Information supplied –
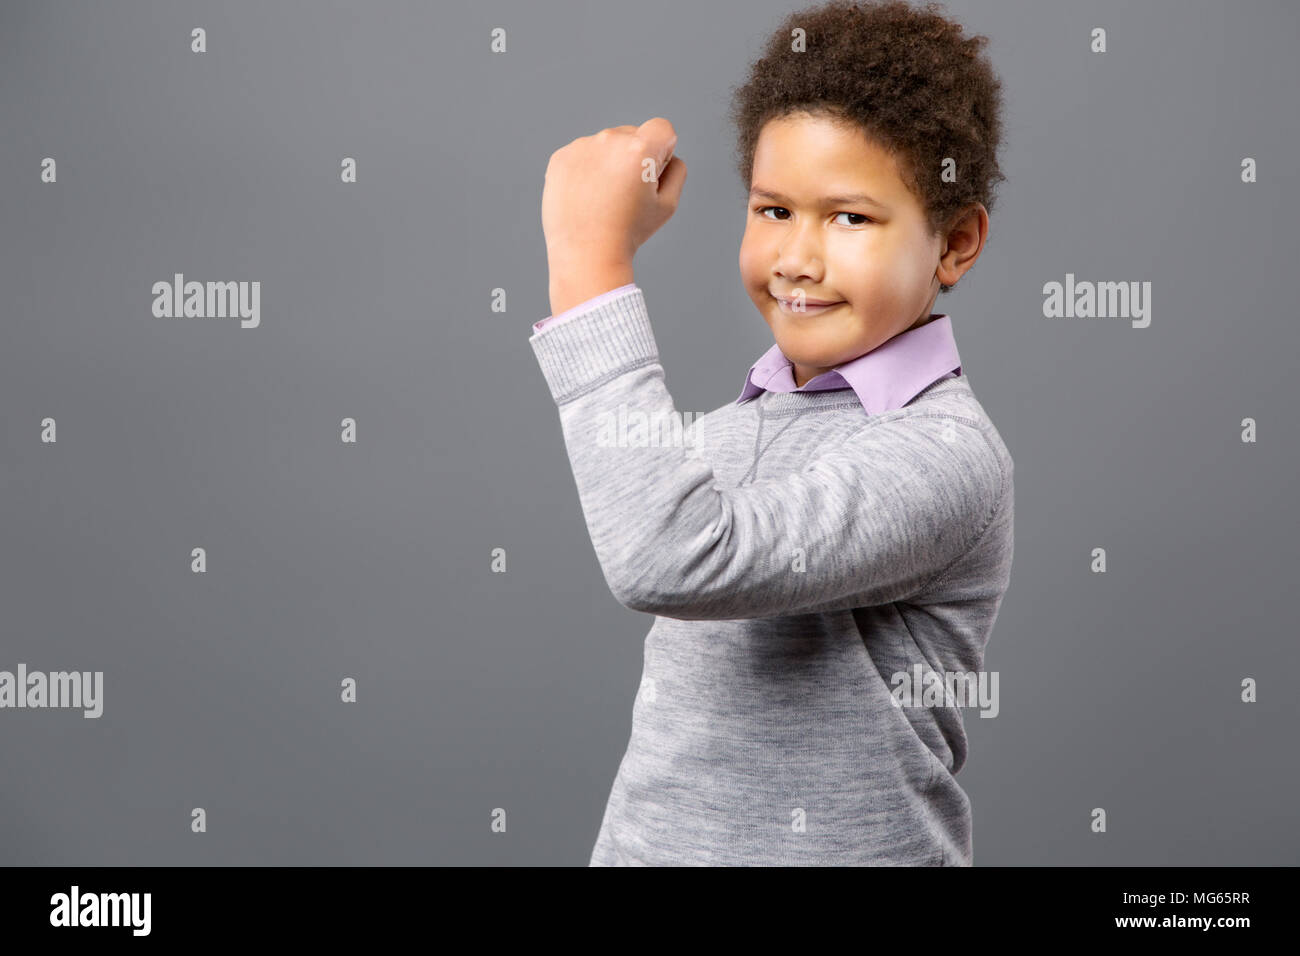 Nice cute boy showing his muscles Stock Photo
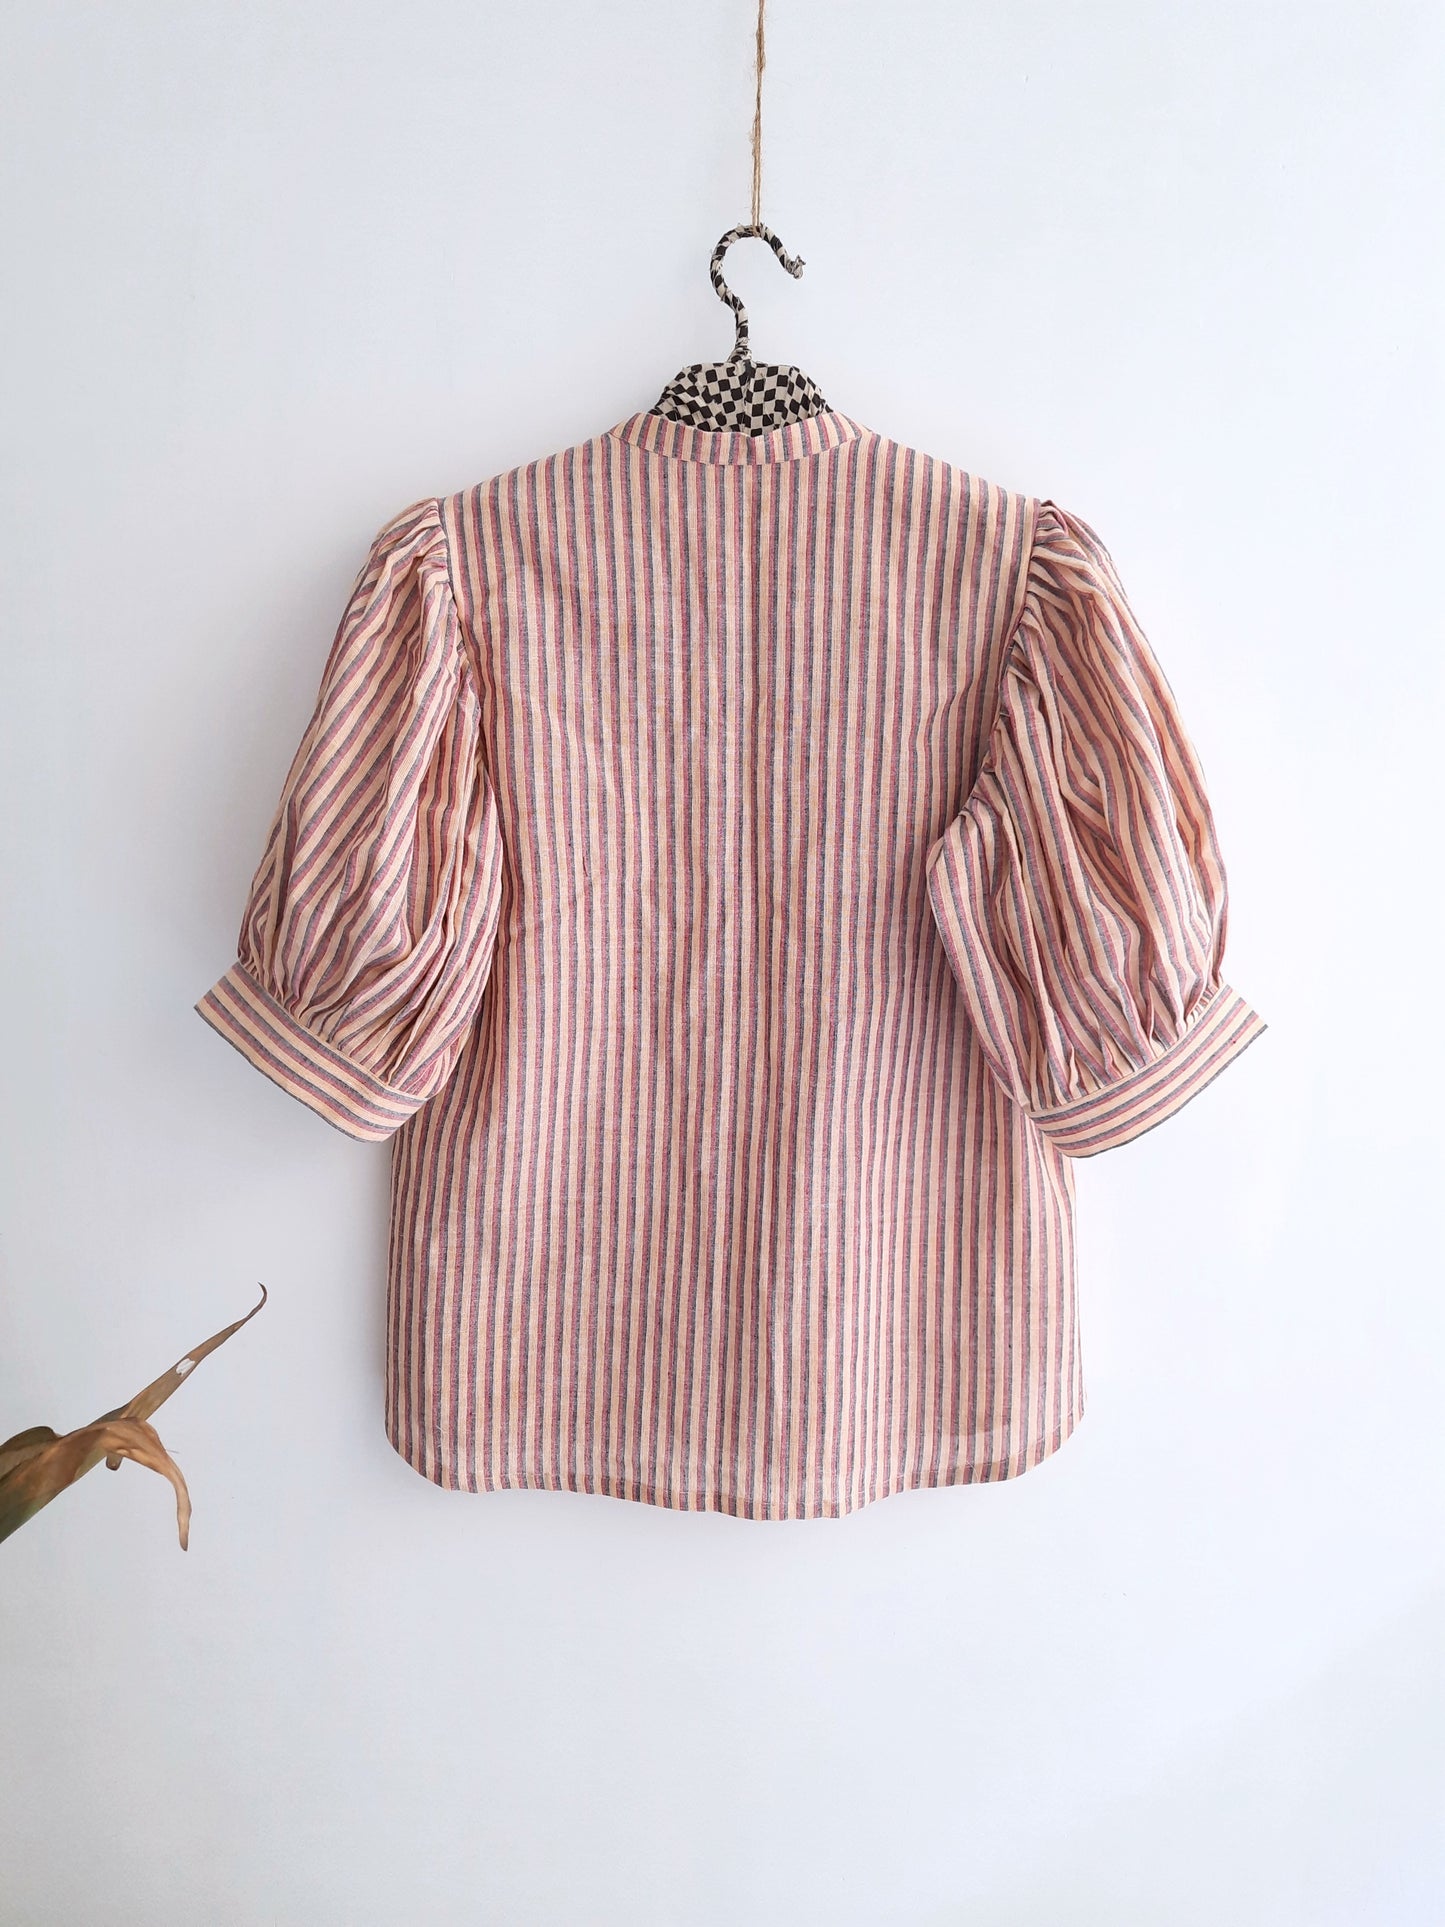 Striped hand-spun cotton shirt with mandarin collar and puffy sleeves for women.
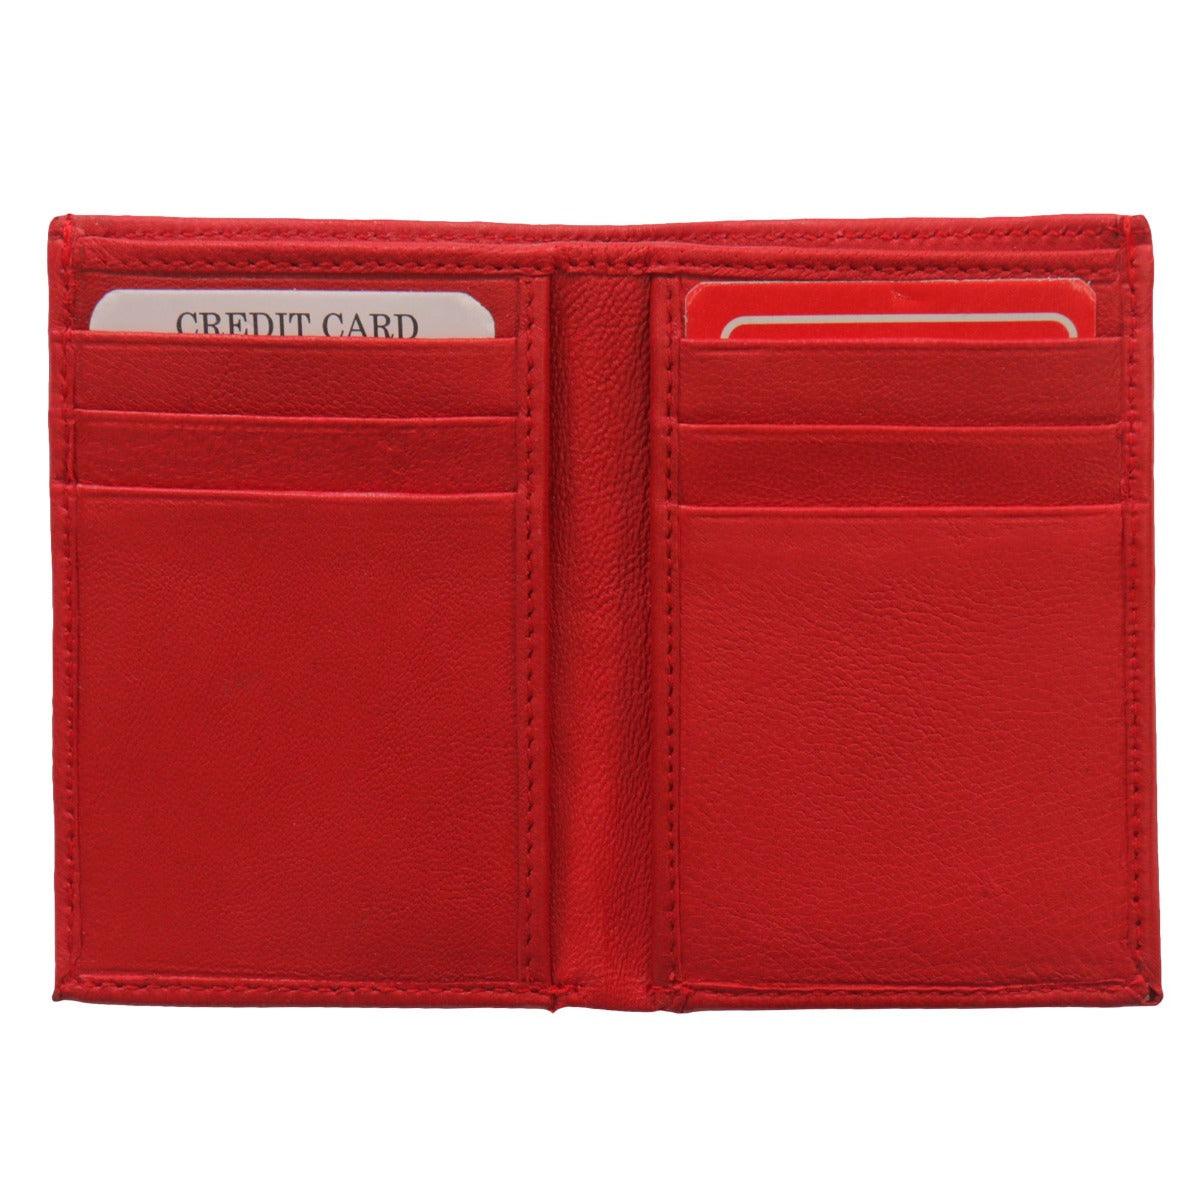 Hot Leathers Red Credit Card Holding Wallet - American Legend Rider
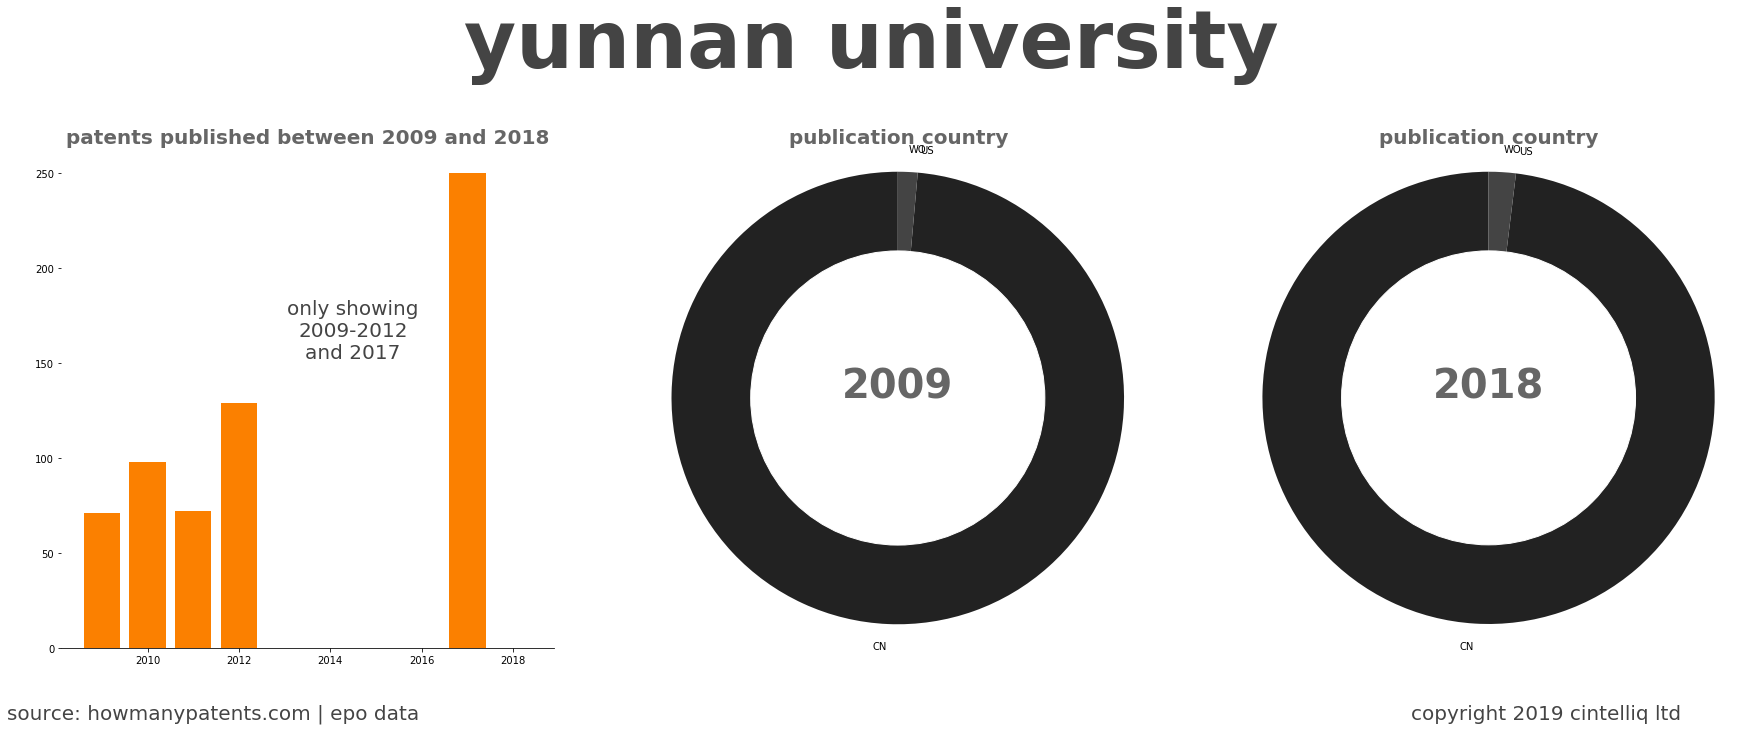 summary of patents for Yunnan University

What you are asked to do – The whole listing above, minus its pictures, is what you should write out word for word.

Answer for this exercise –
 Nice cute boy showing his muscles Stock Photo
 Striped hand-spun cotton shirt with mandarin collar and puffy sleeves for women.
 Hot Leathers Red Credit Card Holding Wallet - American Legend Rider
 summary of patents for Yunnan University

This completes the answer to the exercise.